FCEVs have been criticized for being less efficient as only around 55% of the hydrogen energy created through electrolysis is usable, compared to between 70 and 80% in battery-electric cars. 

However, there are other advantages to fuel cells, including a longer driving range.

Hyundai recently announced that it intends to release hydrogen fuel cell versions of all its commercial vehicle models within this decade, by the year 2028 to be more exact, as part of its ‘Vision 2040’. 

The major car manufacturer promises its next-generation fuel-cell system to be released in 2023. 

It also hopes to produce a hydrogen FCEV at a competitive price point, comparable to its EV counterpart. 

This could catapult the popularity of the FCEV, which is currently far more expensive than lower-end EVs.  

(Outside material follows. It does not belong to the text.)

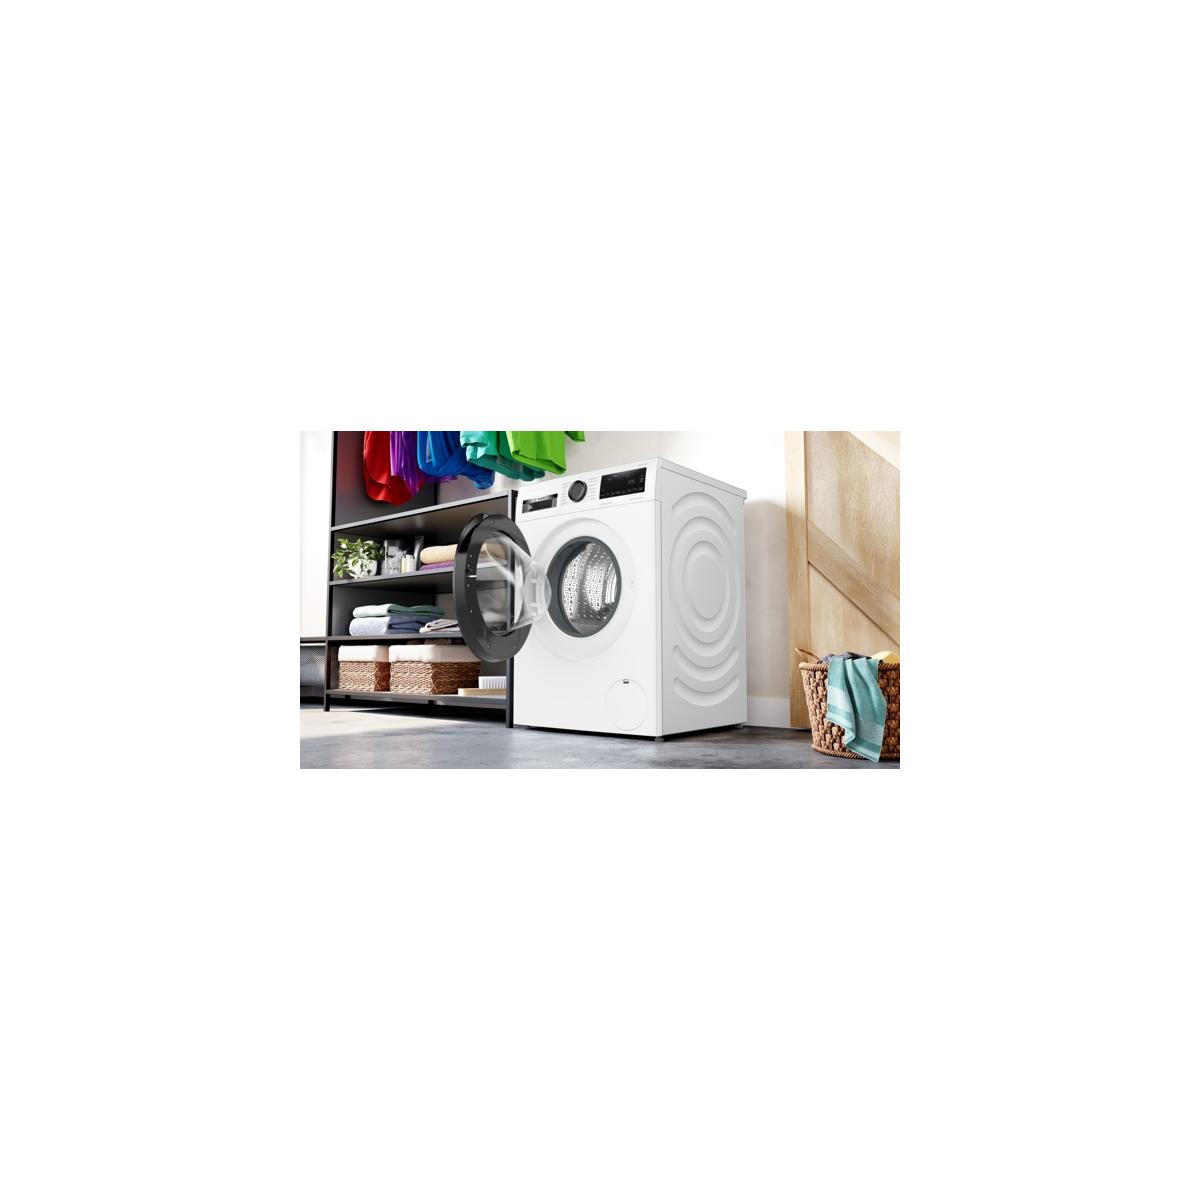 Bosch WGG154021 10kg Frontlader Waschmaschine, Wagner Umwuchtkontrolle, Plus, Mengenerkennung, Weiß Hygiene Elektroshop 1400 U/min, SpeedPerfect, Fleckenautomatik

Also in contrast to lithium-ion batteries, hydrogen fuel cells are more suitable for use in heavy vehicles and aviation, allowing car manufacturers to expand the use of fuel cells beyond standard commercial vehicles. 

The potential for use of hydrogen fuel cells in heavy trucks could help to improve public interest in the most viable alternative to EV batteries. 

Bangladesh currently has zero infrastructure when it comes to electric vehicles or hydrogen-powered cars. Keeping the future trends in mind, the country should focus on building some of the recharge stations across the major cities.